* Data supplied:
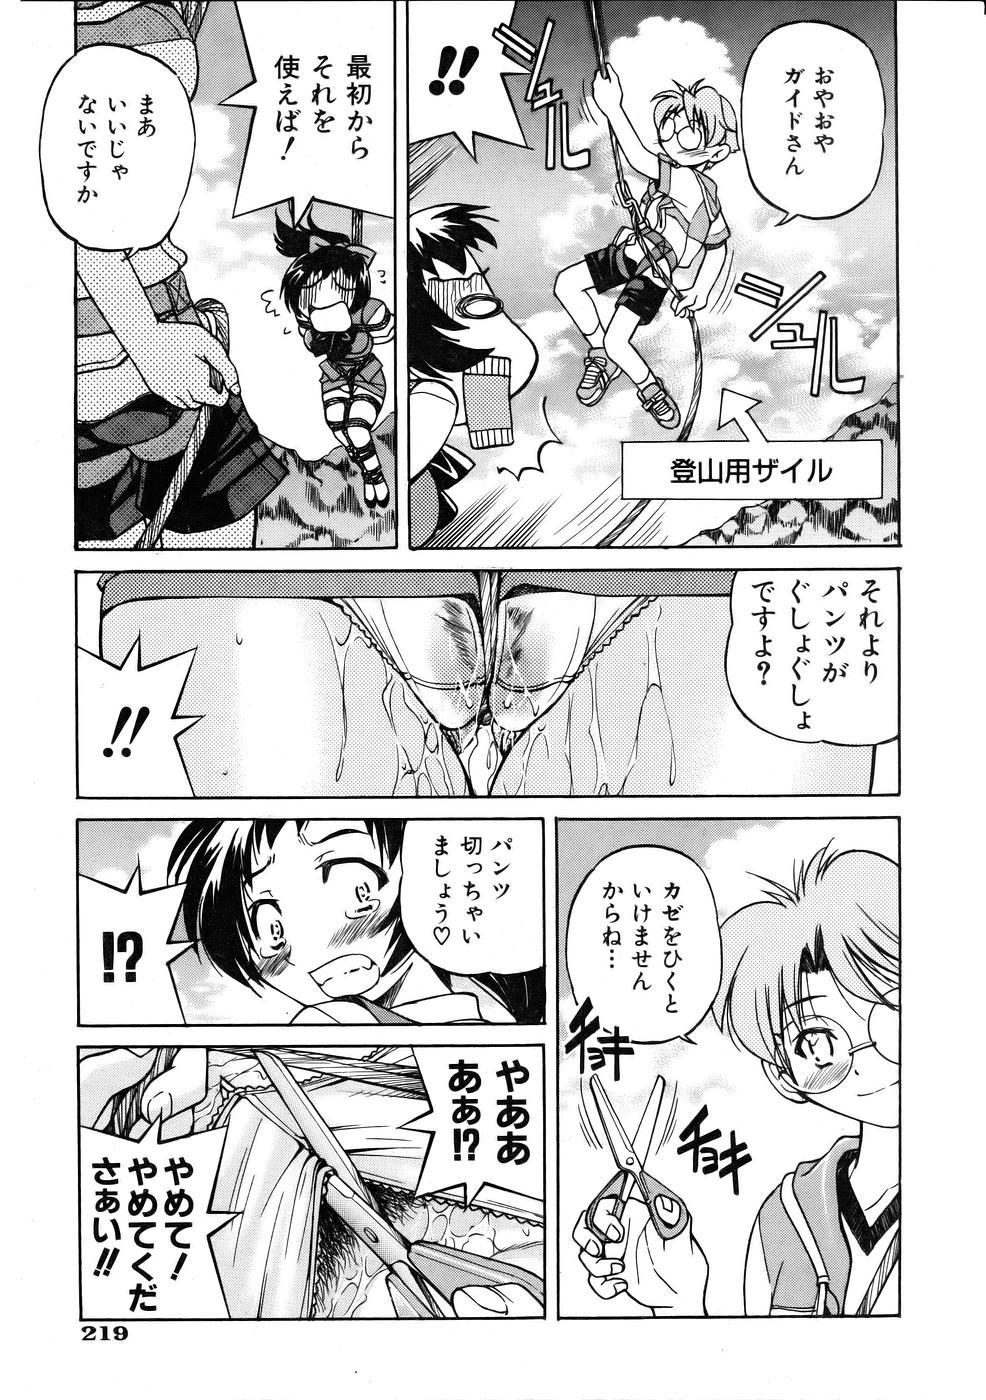 COMIC AUN 2005-10 Vol. 113 218
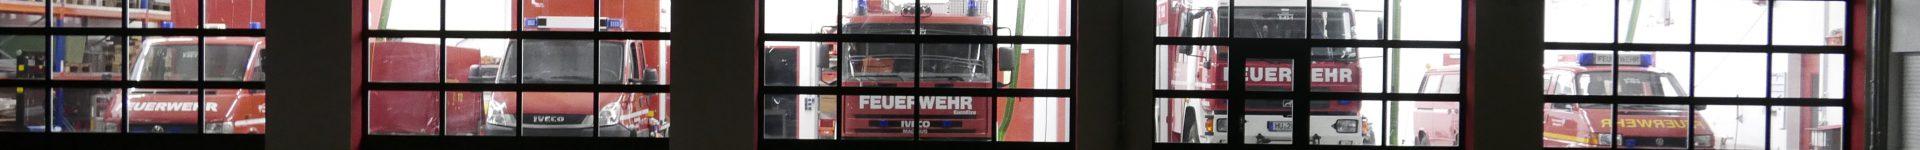 Kategorie: Brandschutztipps
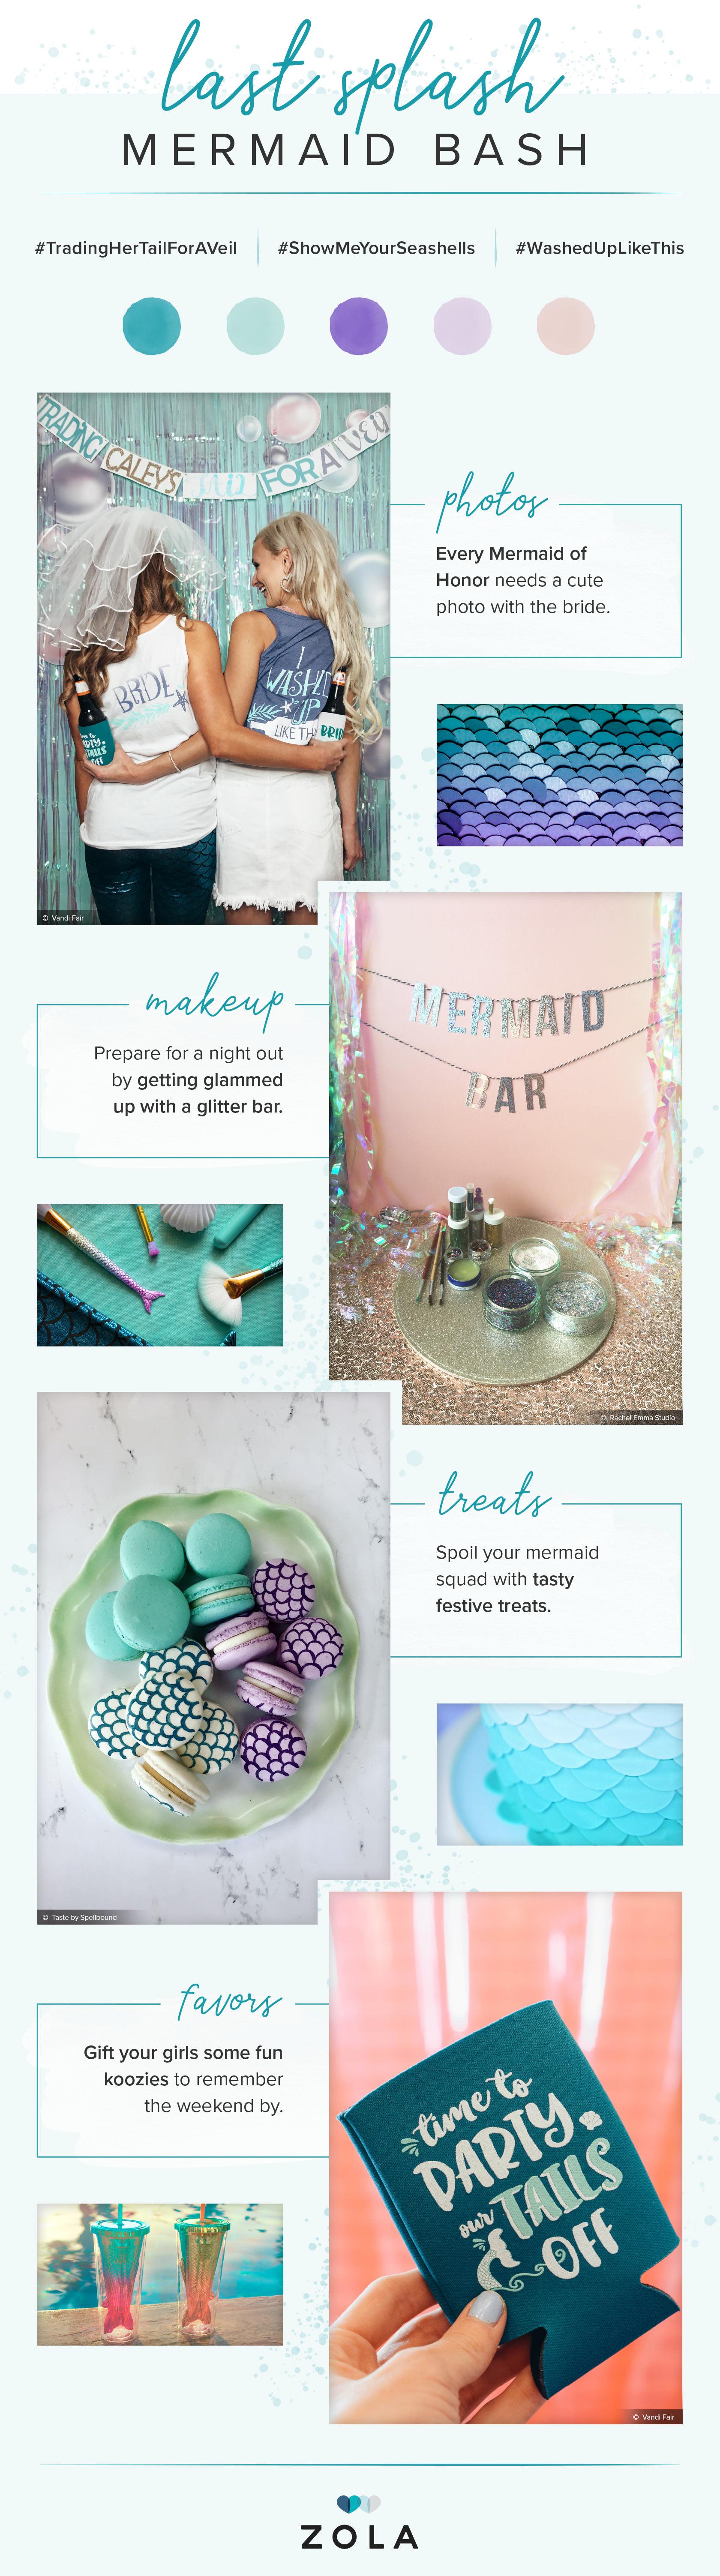 bachelorette-party-ideas-mermaid.jpg
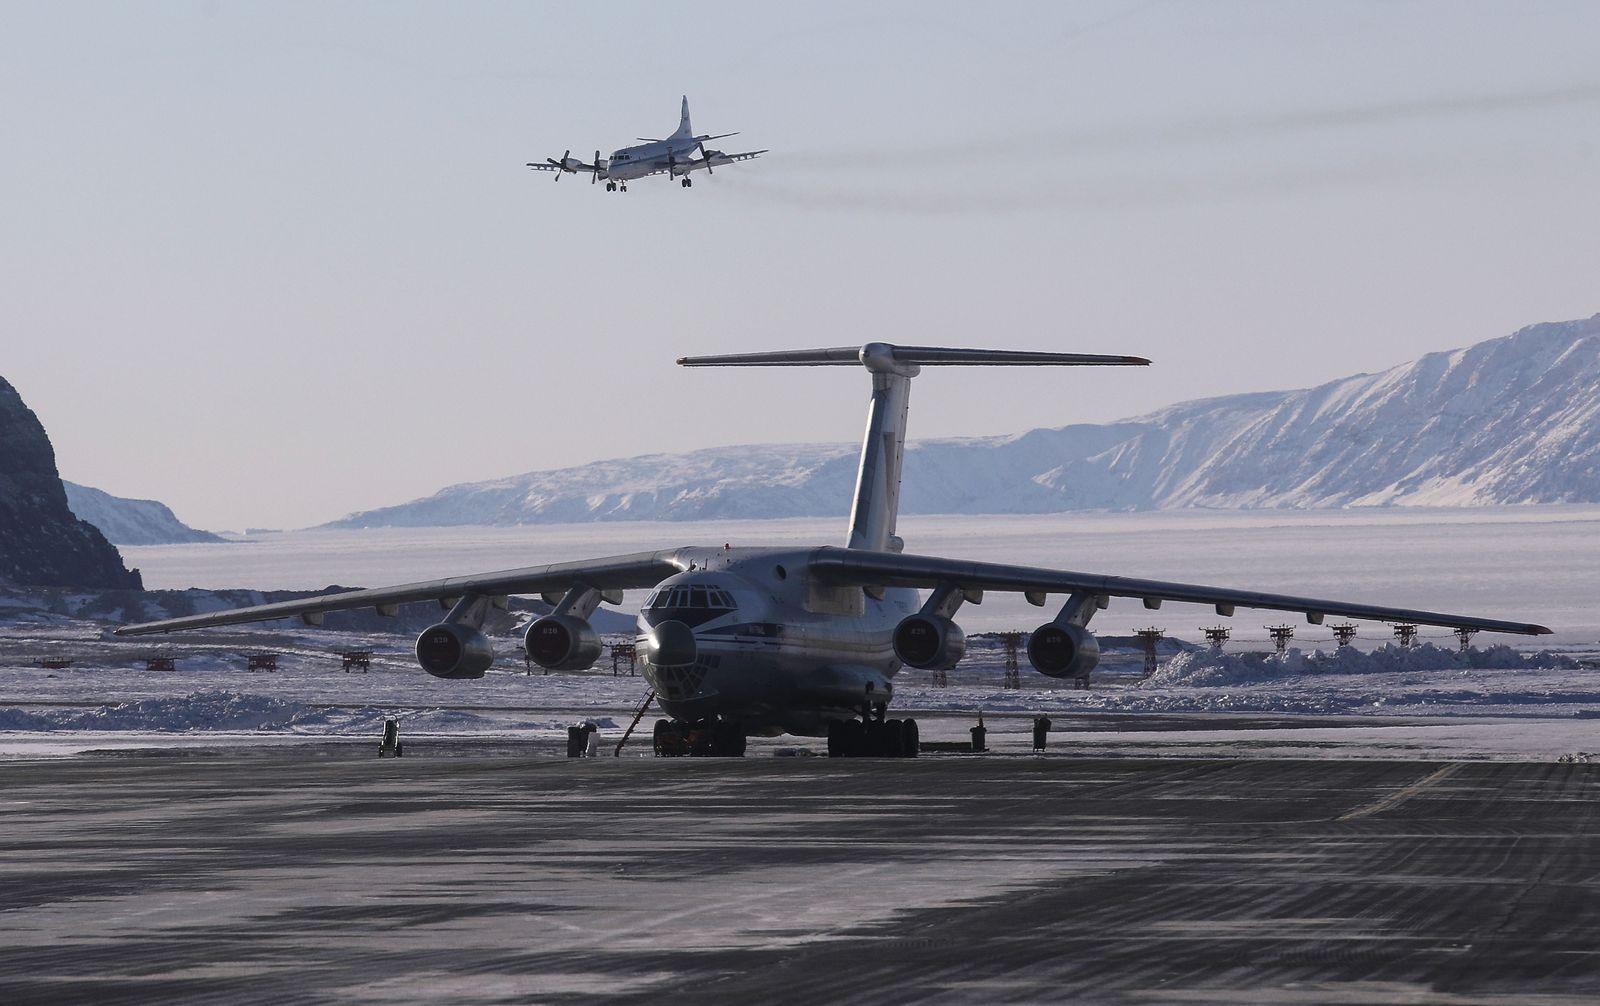 GRL-NASA-CONTINUES-EFFORTS-TO-MONITOR-ARCTIC-ICE-LOSS-WITH-RESEA
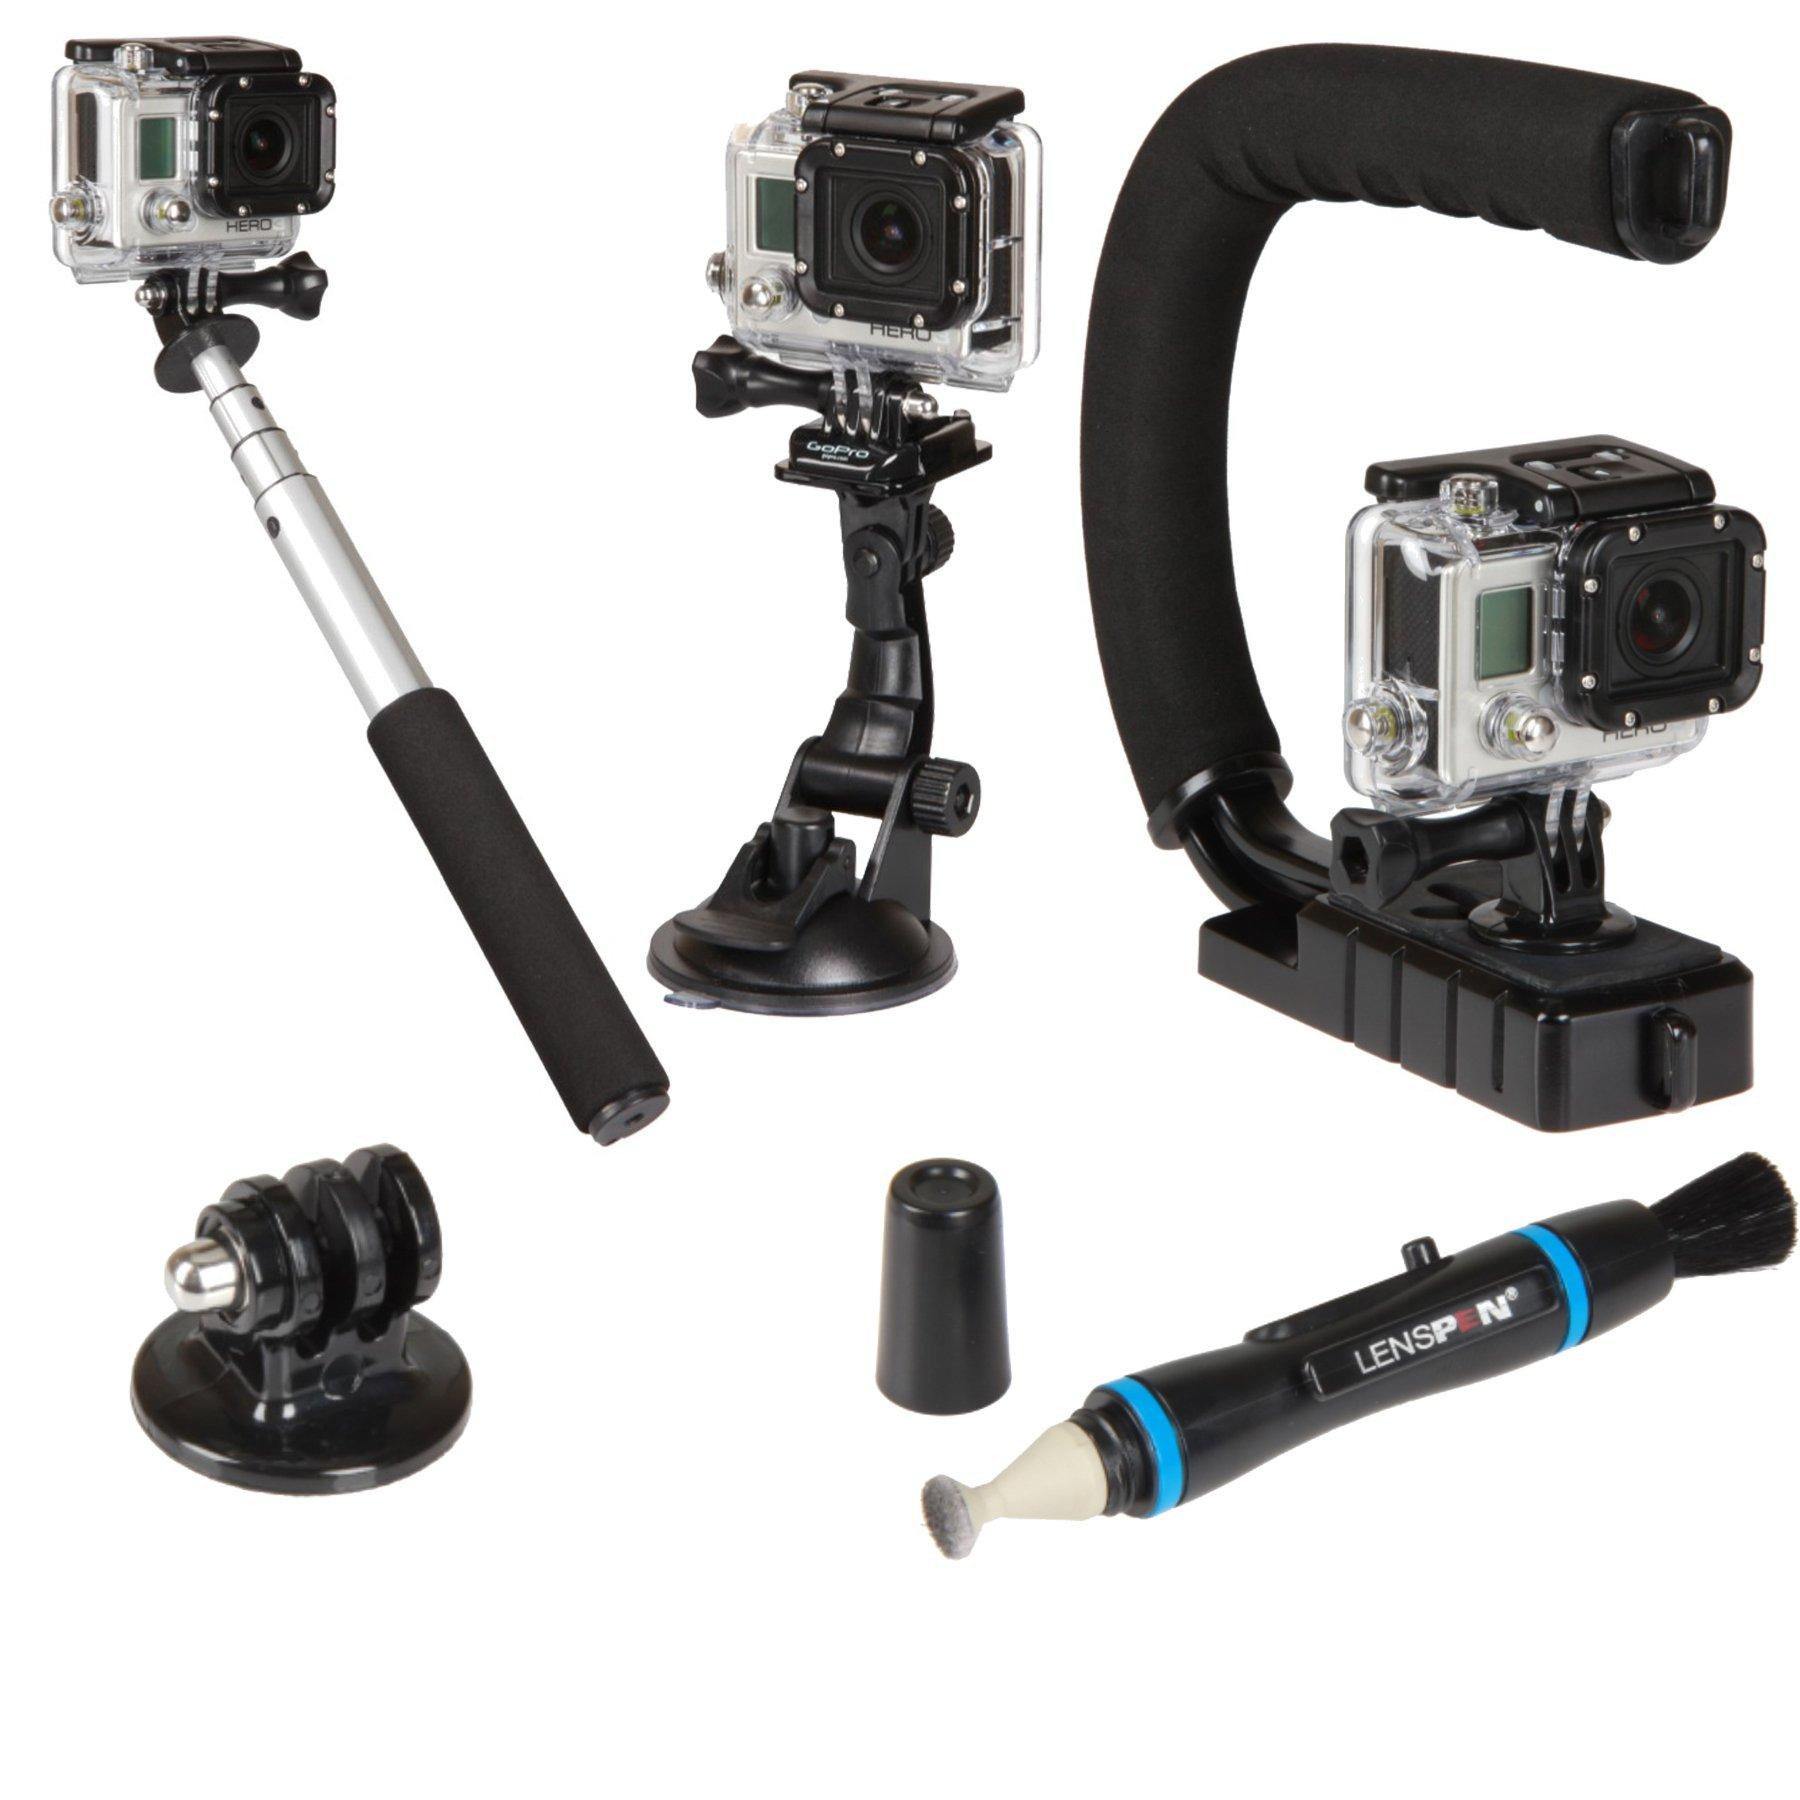 Sunpak ACTION-5 Action Camera Accessory Kit (Black) by SUNPAK

* Task to carry out: Quote all the lines above exactly as given. Do not include the pictures.

* Solution:
 COMIC AUN 2005-10 Vol. 113 218
 Kategorie: Brandschutztipps
 bachelorette-party-ideas-mermaid.jpg
 GRL-NASA-CONTINUES-EFFORTS-TO-MONITOR-ARCTIC-ICE-LOSS-WITH-RESEA
 Sunpak ACTION-5 Action Camera Accessory Kit (Black) by SUNPAK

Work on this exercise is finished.